Config load behavior

text
1. Token resolution order:
   - `--hf_token` CLI flag
   - `HF_TOKEN` environment variable
   - YAML `hf_token` field
2. Default resolution:
   - A default is applied only when the field is omitted in YAML.

Schema (YAML shape)

yaml
run_name: "run"
model_name: "unsloth/Qwen3-4B-bnb-4bit"
dataset_id: "your-hf-username/your-dataset"
max_length: 2048

Options by section

Identity

FieldDefaultDescription
run_name"run"Subdirectory name under output_dir/ and adapter_base_dir/
output_dir"outputs"Root dir for trainer checkpoints and logs
adapter_base_dir"adapters"Root dir for saved LoRA adapter
hf_tokennullHF access token (prefer HF_TOKEN env var)

Model

FieldDefaultDescription
model_name"unsloth/Qwen3-4B-bnb-4bit"HF repo id or local path
chat_template"qwen3"Unsloth template key (qwen3 works for Qwen3 and Qwen3.5)

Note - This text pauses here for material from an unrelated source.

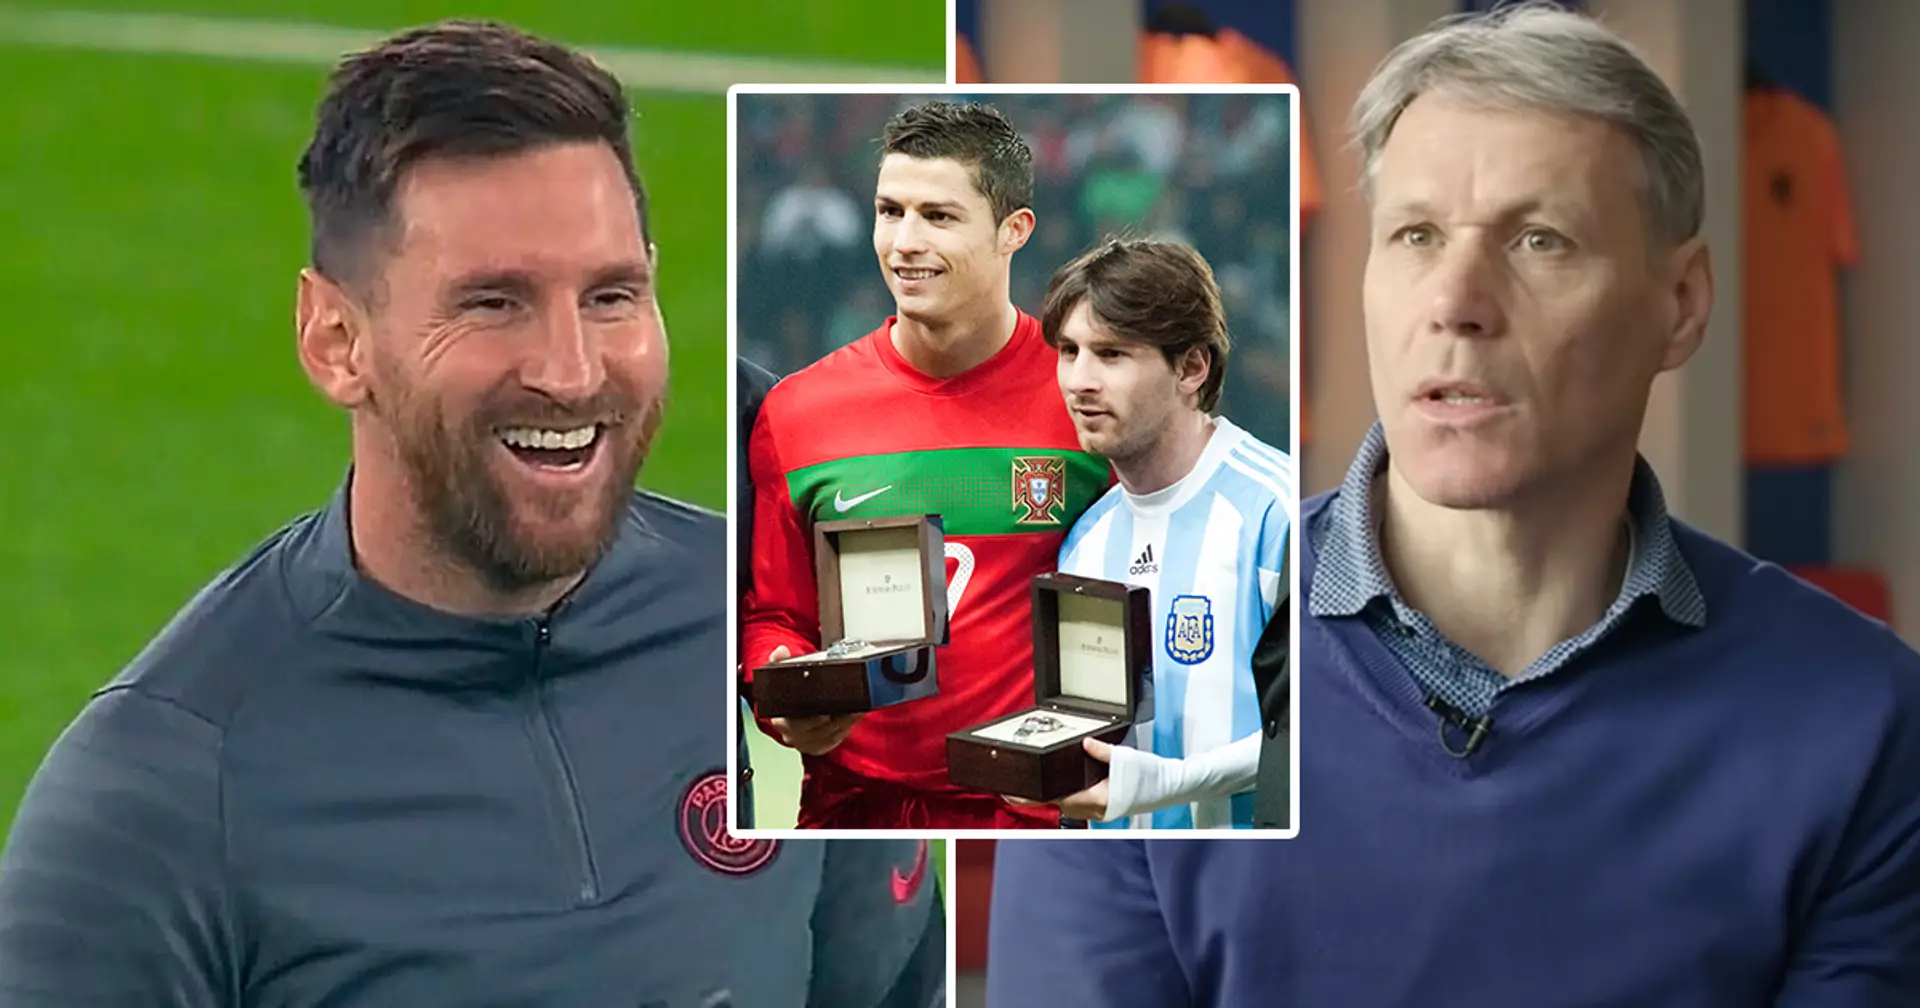 Van Basten: 'People who think Ronaldo is better than Messi know nothing about football'

Valid chat_template keys commonly used:

KeyUse for
"qwen3"Qwen3 and Qwen3.5
"qwen3-thinking"Qwen3 with explicit thinking template
"qwen3-instruct"Qwen3 instruct without thinking
"qwen-2.5"Qwen2.5 family

Dataset

FieldDefaultDescription
dataset_id""HF dataset id or local path (required)
dataset_split"train"Split passed to load_dataset
messages_field"messages"Column with conversation list
dataset_schema"auto"auto / messages / prompt_response

Reasoning / thinking

FieldDefaultDescription
reasoning_field"reasoning_content"Canonical field for <think> content
reasoning_keysnullAlternative keys normalized into reasoning_field
extract_think_tagstrueExtract inline <think>...</think> from assistant content
think_mode"keep"keep preserve reasoning, drop remove reasoning
think_max_tokens0Cap tokens per reasoning block (0 = no cap)
think_role"think"Role name for separate-think-message datasets
think_loss"all"all / answer_only / answer_plus_think

think_loss behavior:

ValueGradient scope
allFull assistant span (<think> + answer)
answer_onlyTokens after </think>
answer_plus_thinkThink content + answer (excluding literal tags)

Sequence / truncation

FieldDefaultDescription
max_seq_length2048Positional allocation; set >= max_length
max_length2048Max tokens/sample; primary VRAM lever
truncate_side"left"Fallback token-level truncation side

Precision / hardware

FieldDefaultDescription
load_in_4bittrueBNB NF4 quantization
attn_implementation"sdpa"sdpa or flash_attention_2
fp16trueFloat16 path (commonly Qwen3)
bf16falseBFloat16 path (commonly Qwen3.5)

LoRA

FieldDefaultDescription
lora_r16LoRA rank
lora_alpha32Scaling factor (commonly 2 * lora_r)
lora_dropout0.0LoRA dropout
lora_target_modulesnullnull -> all 7 projection layers
gradient_checkpointing"unsloth"unsloth / true / false

Training

FieldDefaultDescription
per_device_train_batch_size1Keep at 1 for limited VRAM setups
gradient_accumulation_steps8Effective batch = batch size x accumulation
learning_rate2e-4Peak LR for AdamW
warmup_ratio0.05LR warmup fraction
max_steps1000Total optimizer steps
logging_steps20Log interval
save_steps200Checkpoint interval
seed3407Random seed
optim"adamw_8bit"adamw_8bit or adamw_torch

Loss masking

FieldDefaultDescription
assistant_rolesnullRoles that carry loss (null -> ["assistant"])
drop_if_no_assistanttrueDrop samples with no assistant turn

Validation rules

text
1. Required dataset source:
   - `dataset_id` must be non-empty.
2. Precision flags:
   - `fp16` and `bf16` should not be enabled at the same time.
3. Sequence budget:
   - high `max_length` increases VRAM pressure and can trigger OOM on 8 GB GPUs.
4. Positional allocation:
   - `max_seq_length` should be >= `max_length`.

Edge cases / limitations

WARNING

dataset_id is required. Empty dataset_id cannot be resolved into a train dataset.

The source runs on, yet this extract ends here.